1 Poem
Then, i'd go out & pluck your graveside flower for a potpourri
& i'm back to dreaming of fairies flying backwards
to the thorns of shrikes. of quicksand under every pew i sit.
I remember how you'd stand by the window, light me a blunt & crochet
the smoke with your needles; spiders crawling from my sleeves
to weave cobwebs between my trembling fingers. & i'd trap you
chords, like moths, escaping the hairlines separating my piano keys.
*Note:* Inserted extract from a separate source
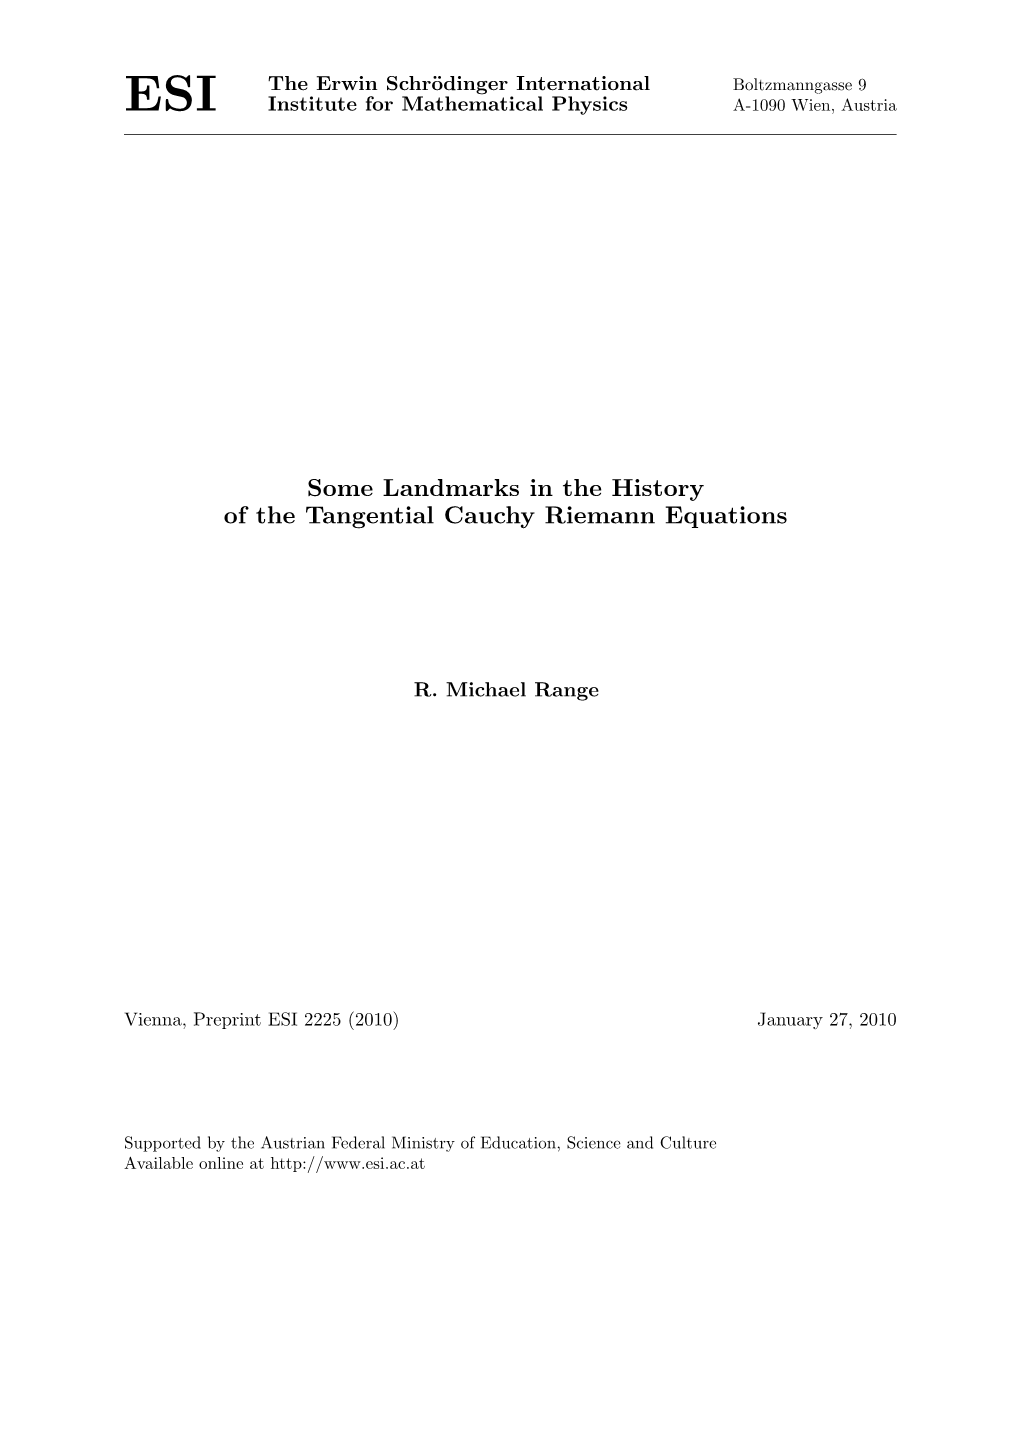 Some Landmarks in the History of the Tangential Cauchy Riemann Equations
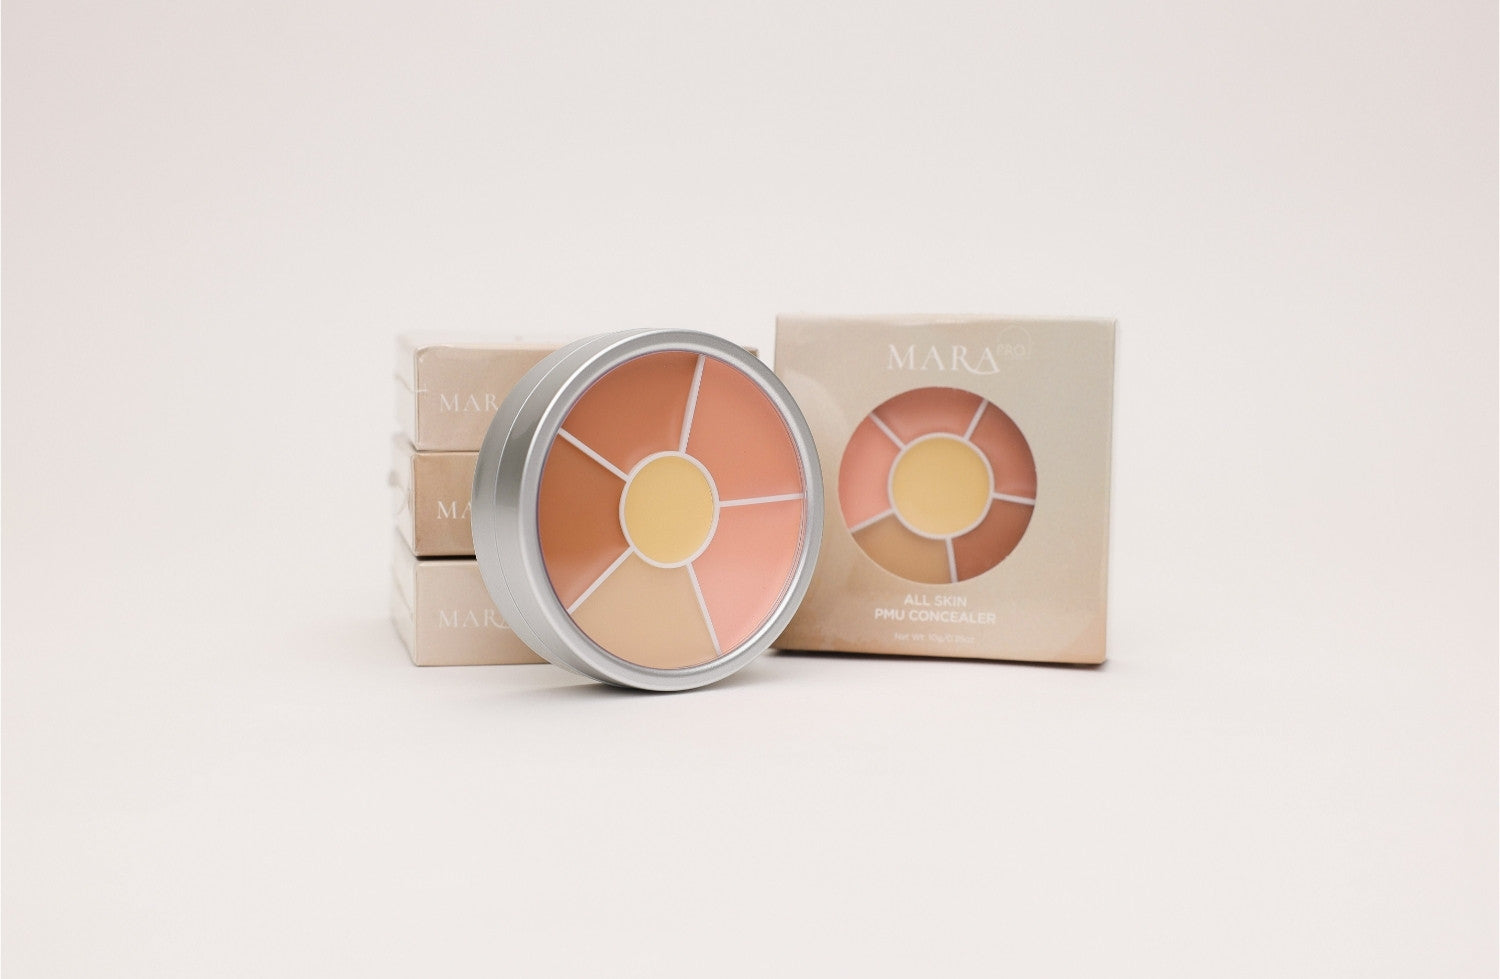 All Skin Magic Wheel Concealer by Mara Pro, Eyebrow Concealer, Makeup concealer, permanent makeup supplies front view

After failing a job interview, you once wiped my eyes with my lapel
till i could see the silver lining you were painting on the cloud
that hovers above my head like a halo stained
with lampblack. girl, you were the one—
the one who'd play pole dancer, freaky, on Friday nights i'm not out drinking
with ghosts, & i would see— through a green bottle— a brazen serpent.
And oh, it is that season where ellipsis must replace the heart
in that story your secret diary reads itself in echoes— diary as an auto-epitaph.
On the doorway, i followed a trail of flowers— petals
all familiar by their graveside scent.
Drawn by the faint whiffs of your last prayer, i'm led
to the very mass of my joy on a slow swing from the ceiling;
your body casting the shadow of a tombstone
over where silence ate
away the candle on your nightstand
faster than it wanted to be milked of light.
& memory, as silver iodide, dissolves that cloud over my head,
into a flood that'll dry up to drown me
in the emptiness of skin without your love bites.